I have a huge file, I am currently using while loop to read and do some calculation on it, but it is taking a lot of time.
I want to use AWK to read and do those calculations.
Please suggest.
Hi, it is mainly so slow, because of the way of coding. awk is faster than shell, but what is goiing to make a much bigger difference is that there are many external program calls within the loop, that are called for every line in input2 and also for every line, every CONFLOG*.txt in the directory is grepped.
And all this using intermediate files, pipelines and subshells, so for every iteration of the loop, many subshells are being started...
Could you provide some samples/structure of your input files and desired output? Please use code tags for code, samples and output
input file contain 40K records and cCONFLOG contain 65lacs record
I have written a part of code, after getting str1 and str2 i am taking the average of time mentioned in column1 of these strings
shell code is taking 5 hours for this
the sample file is like:
input2:
2012-12-04 00:00:02 info dmsc: New dms_event on 919782458587
2012-12-04 00:00:02 minor dmsc: Deliver message sms_intro multi (sched 1) (prio 3) to "919782458587"
2012-12-04 00:00:02 info dmsc: New dms_event on 918823938486
2012-12-04 00:00:02 info dmsc: New dms_event on 918561022848
2012-12-04 00:00:02 minor dmsc: Deliver message sms_intro single (sched 1) (prio 3) to "918561022848"
2012-12-04 00:00:02 info dmsc: New dms_event on 918386870512
2012-12-04 00:00:02 minor dmsc: Deliver message sms_intro multi (sched 1) (prio 3) to "918386870512"
2012-12-04 00:00:06 info dmsc: New dms_event on 918947018661
2012-12-04 00:00:06 minor dmsc: Deliver message sms_intro multi (sched 1) (prio 3) to "918947018661"
2012-12-04 00:00:07 info dmsc: New dms_event on 919722340715
2012-12-04 00:00:07 info dmsc: New dms_event on 919782406184
2012-12-04 00:00:07 minor dmsc: Deliver message sms_intro single (sched 1) (prio 3) to "919722340715"
2012-12-04 00:00:07 minor dmsc: Deliver message sms_intro single (sched 1) (prio 3) to "919782406184"
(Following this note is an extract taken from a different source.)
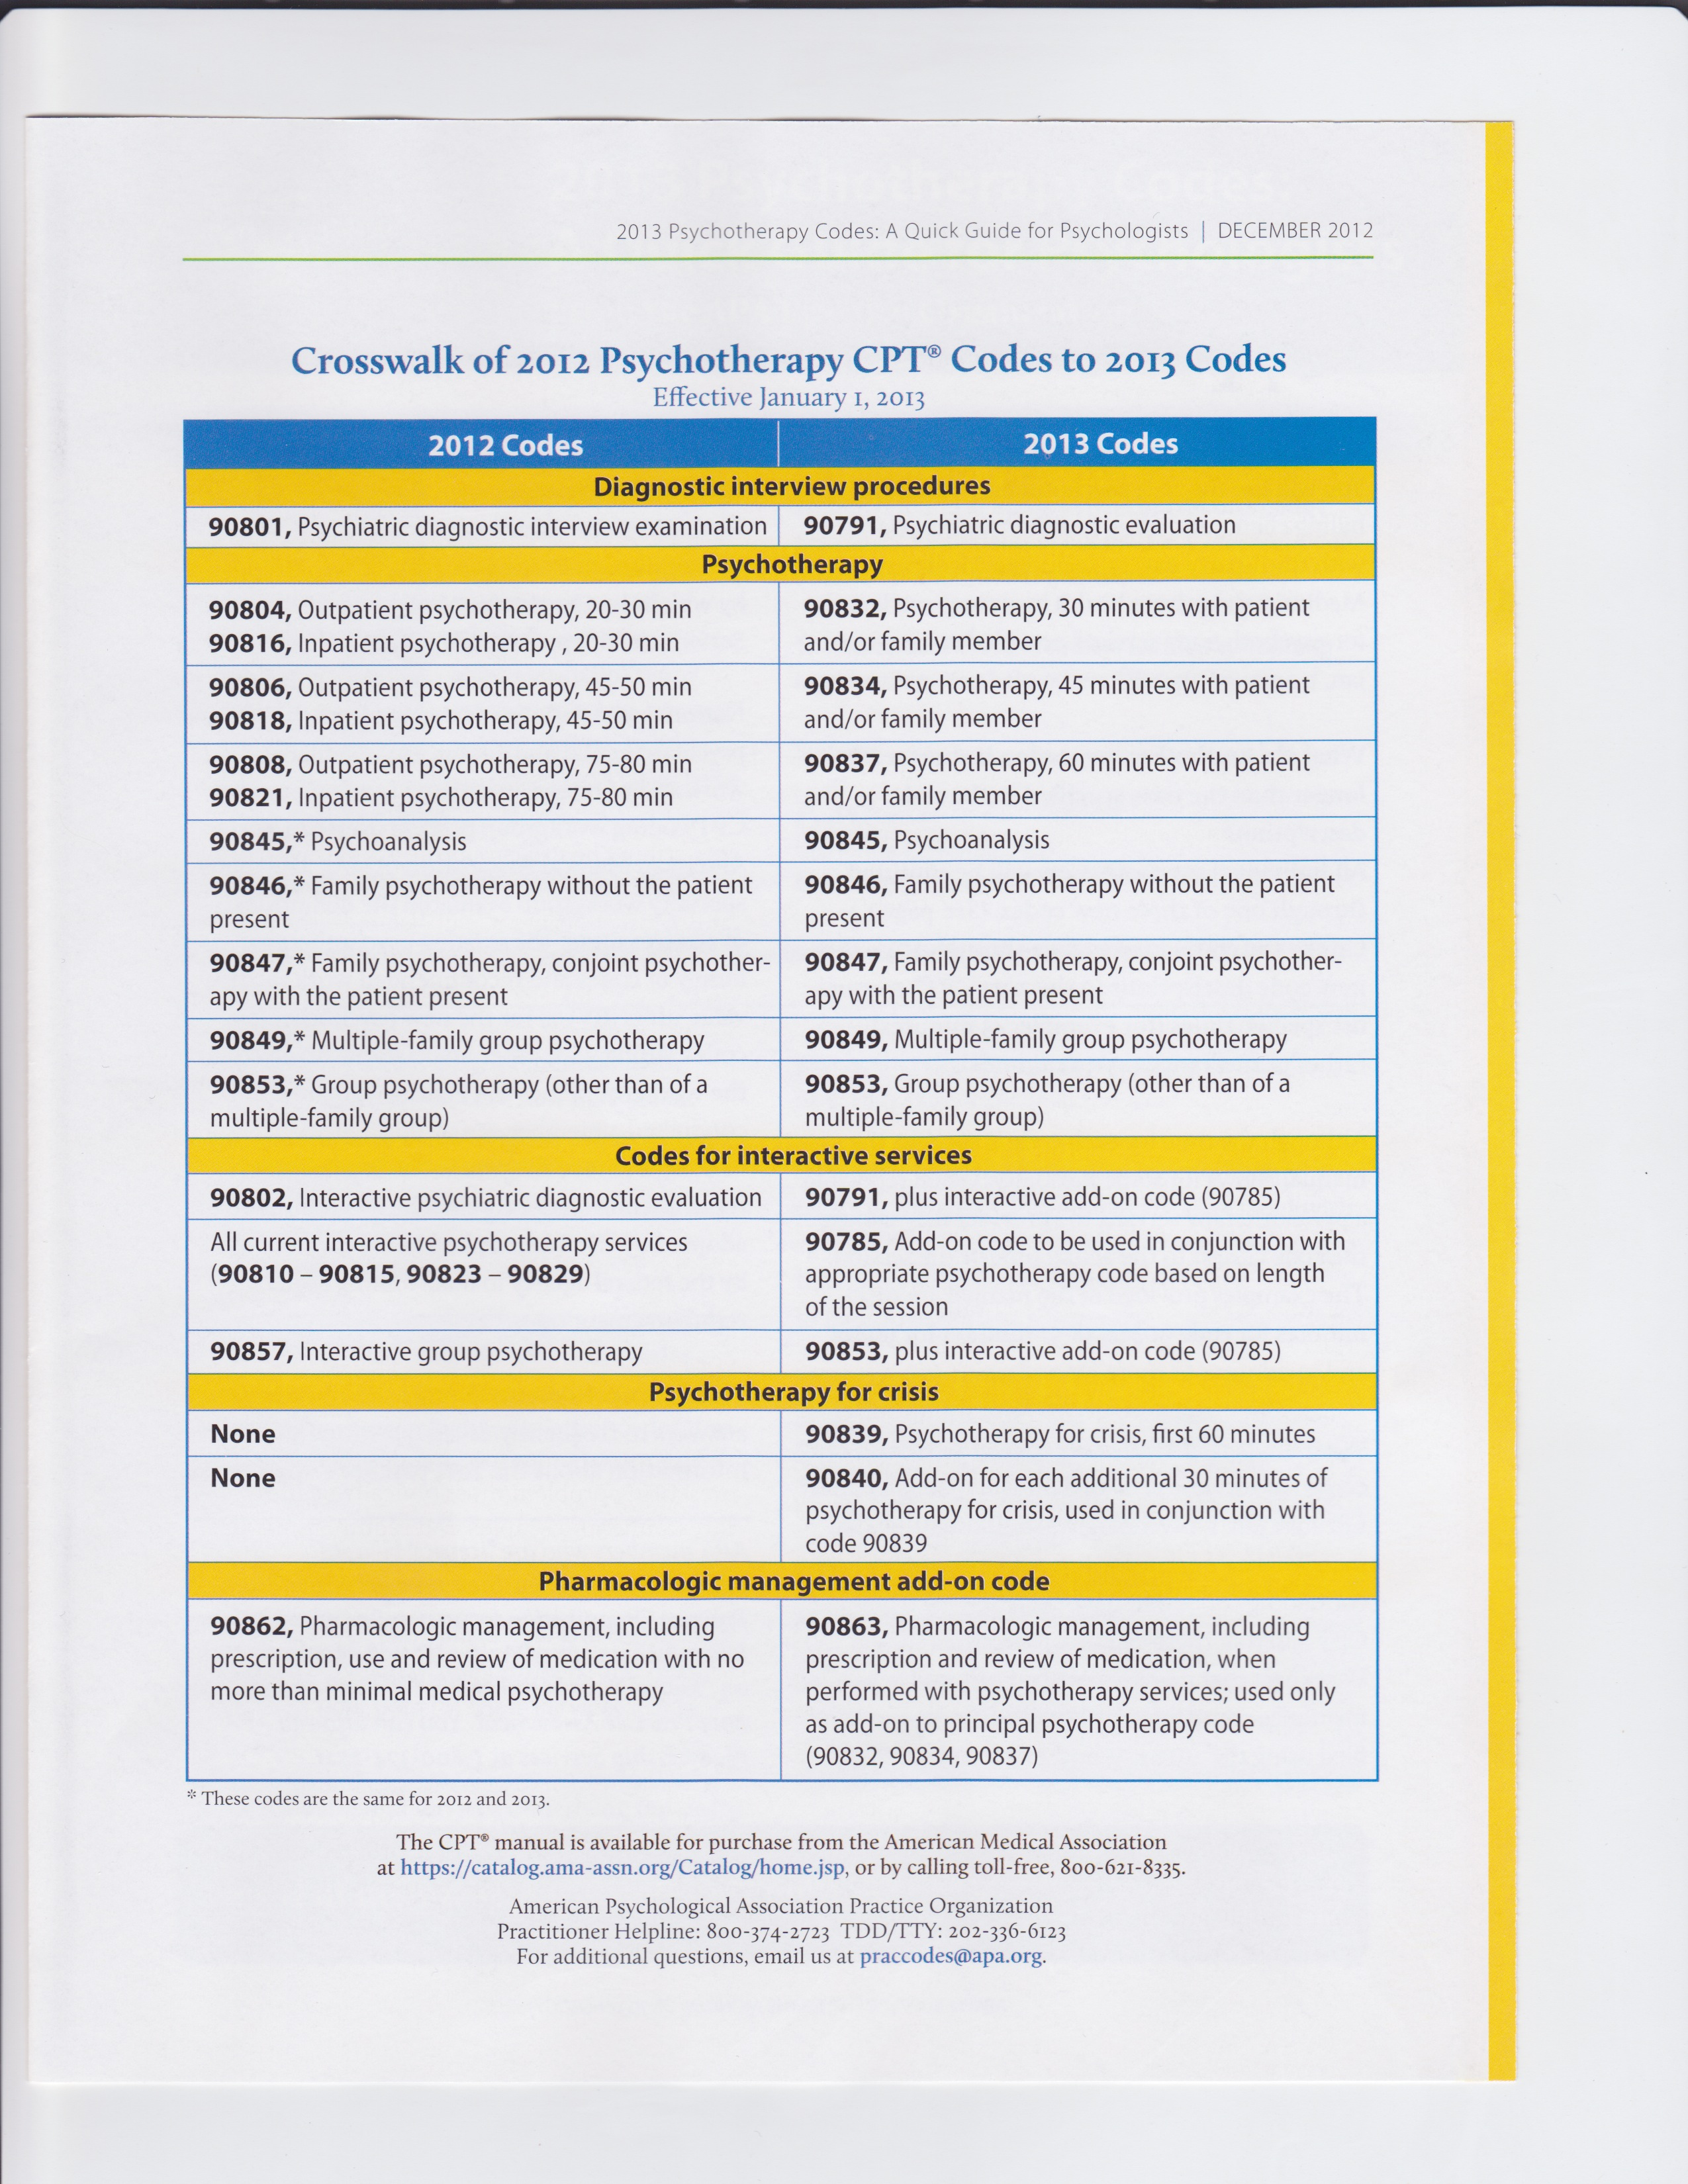 Cpt Codes2013 http://thepracticeinstitute.com/archives/6381/cpt-codes ...

2012-12-04 00:00:07 info dmsc: New dms_event on 919802991503
2012-12-04 00:00:07 minor dmsc: Deliver message sms_dmscmd single (sched 0) (prio 0) to "919802991503"
2012-12-04 00:00:07 info dmsc: New dms_event on 919166875009
2012-12-04 00:00:07 minor dmsc: Deliver message sms_intro single (sched 1) (prio 3) to "919166875009"
2012-12-04 00:00:07 info dmsc: New dms_event on 918561078910
str1 and str2 will have some strings then i will extract the time value from them and subtract the time to get the time taken by a number to change its value from str1 to str2.
but my main concern is that, the part of code that i had mentioned is taking a lot of time, is there any alternate like key and hash of perl to make data parsing fast.
The sample you provided is not good one, no one can be matched. For simple start, below script can be used to get the keyword (Col 1) 's "New dms_event" and "Deliver" time:
awk 'NR==FNR{a[$1];next} {gsub(/\"/,"",$NF);if ($NF in a) print $NF,$1,$2}' input2 CONFLOG*.txt
let us know, what will you do for next these times? get the different timing between the times?
For example, if you get below result, what's your expect?